Your dream job doesn't just rely on your skill, experience and education – it relies on the presentation of your CV. This week, Bloomberg published a lowdown of the best typeface to use on your curriculum vitae and according to one design expert, using Times New Roman is akin to turning up to an interview wearing sweatpants.
The winner, on the other hand, is Helvetica. "Helvetica is so no-fuss, it doesn't really lean in one direction or another. It feels professional, lighthearted, honest," Brian Hoff, creative director of Brian Hoff Design, told Bloomberg. "Helvetica is safe. Maybe that's why it's more business-y."
But why is typeface – and design – so important on a CV, even if you are the right person for the job?
"Design has become more important with the current job market," James Innes, founder and chair of CVCentre.co.uk, tells IBTimes UK. "In fact, it becomes continually more important as competition for jobs increases year on year."
Presentation is key because it is the first thing potential employers see. "Most jobseekers don't realise that the way their CV is presented can often be of more value in getting to the next stage of the application process than the information itself," Innes writes in The CV Book.
"You will make an impression on the reader even before they read a single word. Presentation can make all the difference between success and failure. If the presentation of the CV is thoroughly professional then the applicant immediately gives the impression of being thoroughly professional themselves."
"Enhancing the presentation of a CV is very much the cosmetic surgery of the CV writing world," Innes writes. "Content is clearly more important, but aesthetics are also critical in making the right impact on the reader."
This is all common sense, as Innes points out. But does he agree that Times New Roman is a no-go?
"I do agree in many ways, now that it's increasingly rare to see an actual printed CV," he says. "But, for a printed CV, I think it remains perfectly acceptable – depending on the circumstances. For example, it probably wouldn't look good coming from a designer!"
Some of the most common faux pas on CVs including spelling mistakes, splitting sections over two pages and an overuse of bold or italics, but aesthetics are also crucial – as up to a quarter of CVs are binned immediately by recruiters because of poor presentation. So what is the key to a good-looking CV?
"I would strongly recommend that you remain conservative with your choice of typeface," Innes writes. "Presentation is, of course, a personal issue and some people will prefer certain typefaces to others – for example, teachers tend to like Comic Sans. However, it is important to realise that the easiest-to-read typefaces will get you the positive presentation points! We generally use mainstream typefaces such as Times New Roman and Arial, as they are professional, easy to read and get results."

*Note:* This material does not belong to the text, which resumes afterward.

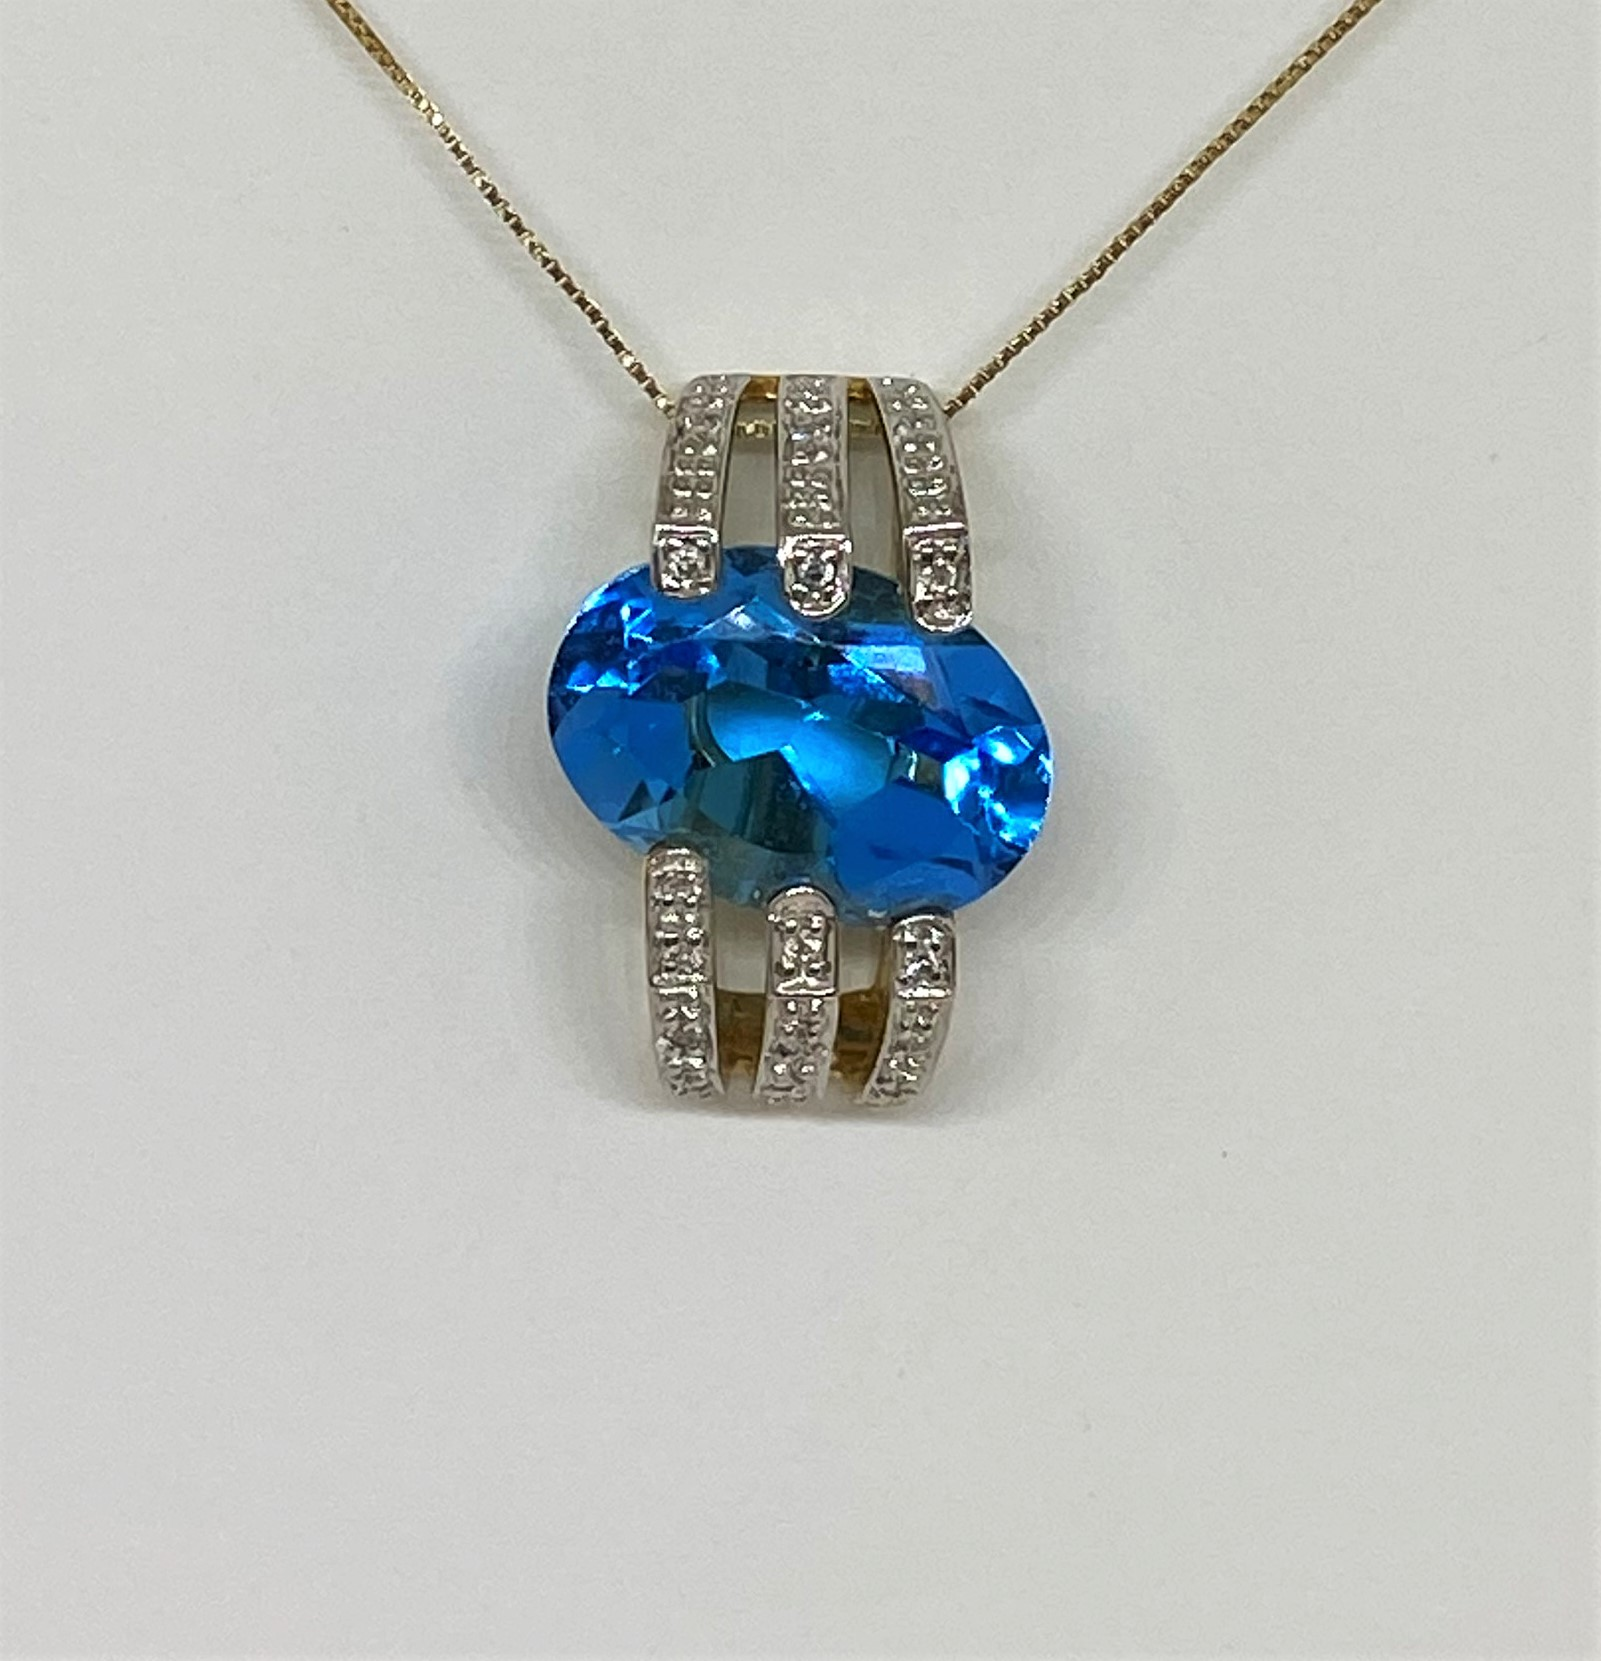 2.50 Carats Blue Topaz Pendant

He advises to avoid unusual typefaces, as they are harder to read for humans and for automated scanning software.
"It is critical not to go over the top with fancy layouts, typefaces, etc," Innes says. "They can detract and confuse. A clear, conservative impression is always preferable, except in specific cases such as architecture, graphic design, etc., where you are entitled to demonstrate a little more creative licence. But, in general, don't stray too far from the standards such as Times New Roman or Arial."
As for size, Innes advises generally to keep to 11 or 12 point, with larger text for main headings. The key is consistency throughout your CV, so it is easy to read. "A recruiter receiving your CV by email may ultimately decide to print it but your first impression will normally be made on screen," Innes says.